Former British diplomatic heavyweight Chris Patten had an important piece on the Guardian website yesterday. He was arguing for a considerably more robust EU role in Israeli-Palestinian peacemaking.
He writes,
- the EU has too often since taken the view that only Washington really drives things forward. Yet what should the EU do when American policy is going nowhere? Not surprisingly, the secretary-general of the Arab League called the so-called quartet (the EU, US, UN and Russia), which supervised the non-implementation of the road map for peace, “the quartet sans trois”.
It is true that the US has the primary external role in the region, and that any peace settlement will require Israel’s willing agreement. But none of this justifies the EU’s nervous self-effacement. This removes much of the political price the US should pay when it does nothing or too little. It gives Israel carte blanche. It damages Europe’s relationship with its alleged partners in the Union for the Mediterranean, and makes Europe complicit in outrageous and illegal acts.
He argues that one specific role the EU should play is in actively brokering a new inter-Palestinian agreement (in conjunction with Turkey and the Arab League.)

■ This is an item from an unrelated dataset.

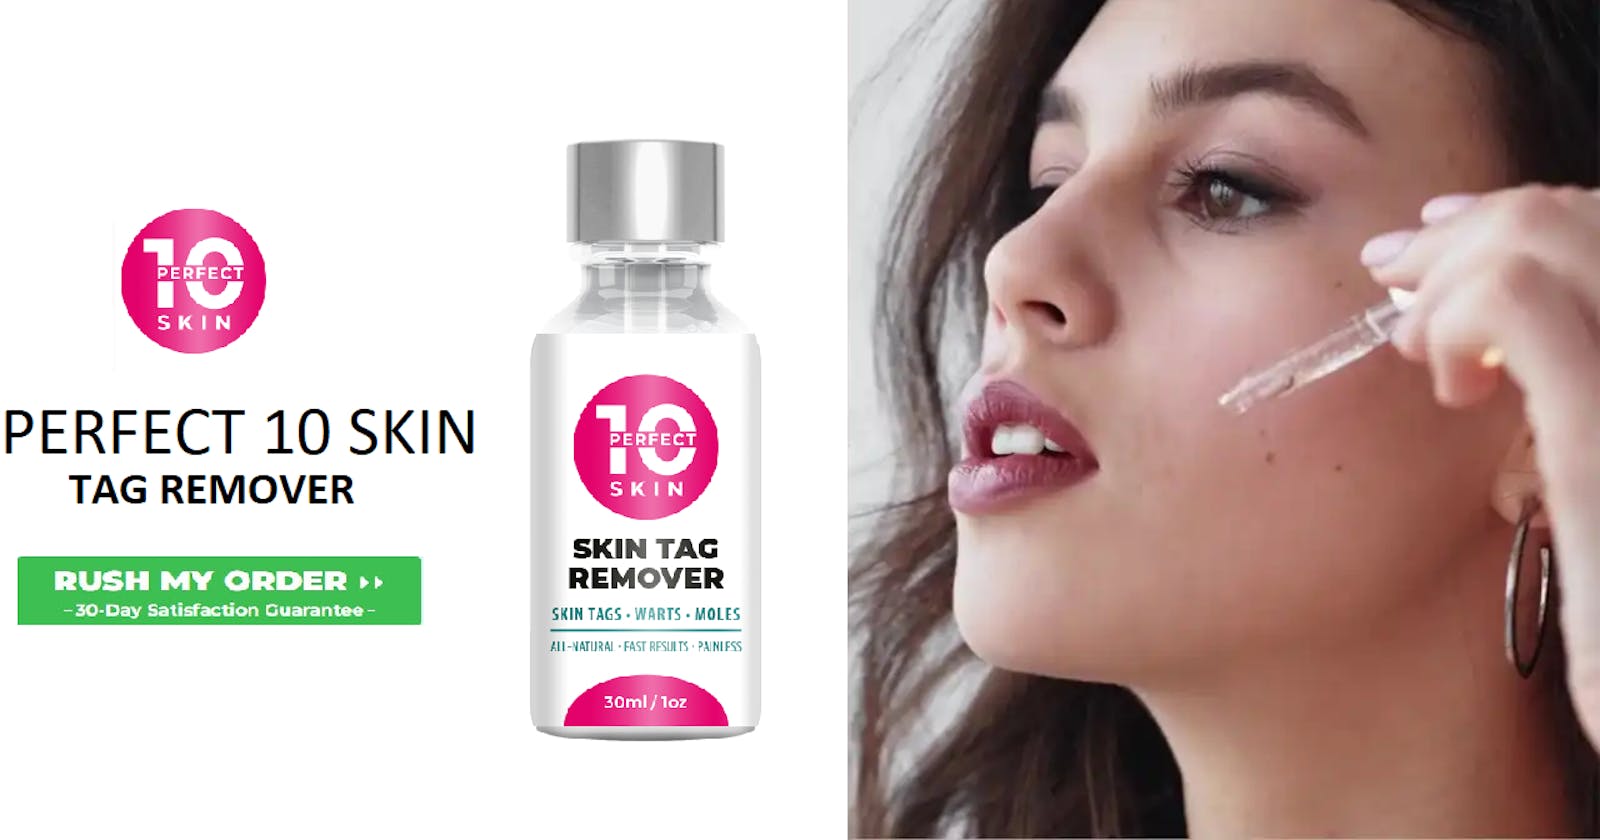 Perfect 10 Skin Tag Remover | Reviews: An Anti-Aging Formula For Wrinkle-Free Skin!

He also makes this important argument:
- Without Hamas there will not be a peace settlement. What we should require from Hamas is simple – a ceasefire, acceptance of the outcome of a peace process provided it is endorsed in a Palestinian referendum, and help in securing the release of Corporal Shalit. To insist that they accept all past agreements is bizarre when no such requirement is made of Israel. Look, for example, at settlement building.
This is the first politically significant (though still non-governmental) voice I have heard from Europe arguing that the EU should abandon the three ironclad “conditions” it has until now placed– at the behest of the US– on any Palestinian unity government that might include Hamas.
Patten concludes thus:
- The present situation is awful for the Palestinians, denied a decent life in their own country, bad for Israel and its prospects for a peaceful future and wretched for relations between the US and EU on the one hand and the Islamic world on the other. It is time for Europe to go back to what it said 30 years ago [in the 1980 Venice Declaration, which was very rapidly brushed aside by Washington] and act with real rather than rhetorical courage.
As someone with a European background, I agree heartily with everything Patten says here. However, to be honest, I don’t see the European nations getting their act together to “act with real courage” any time soon. The “European idea” has been a big disappointment in all geopolitical respects except the transformation of the Franco-German relationship. And today, the European nations are grappling with a financial crisis that calls into question the basic underpinnings of the entire “European” project. It is therefore very hard to see why, at a time of such internal stress and challenge, any European leaders might feel moved to cast aside the “nervous self-effacement” that has, as Patten wrote, been the EU’s modus operandi in Arab-Israeli affairs for most of the past 30 years. (I hope I might be proved wrong.)
“This is the first politically significant (though still non-governmental) voice I have heard from Europe arguing that the EU should abandon the three ironclad “conditions” …
Still, Patten’s commonsense gives him the potential to become a pleasant contrast to Tony Bliar’s habit of sitting on his hands – when he’s not kow-towing to Israel.
It’s good to hear these words from Patten, especially the comments on Hamas, yet the seemingly willful unwillingness to recognize that Israel simply doesn’t want peace, other than the peace of the crushed and broken and swept aside, is strange and unsettling. How can such presumably sophisticated observers fail to see what is transparently obvious to most careful observers that aren’t hardline-Irael partisans?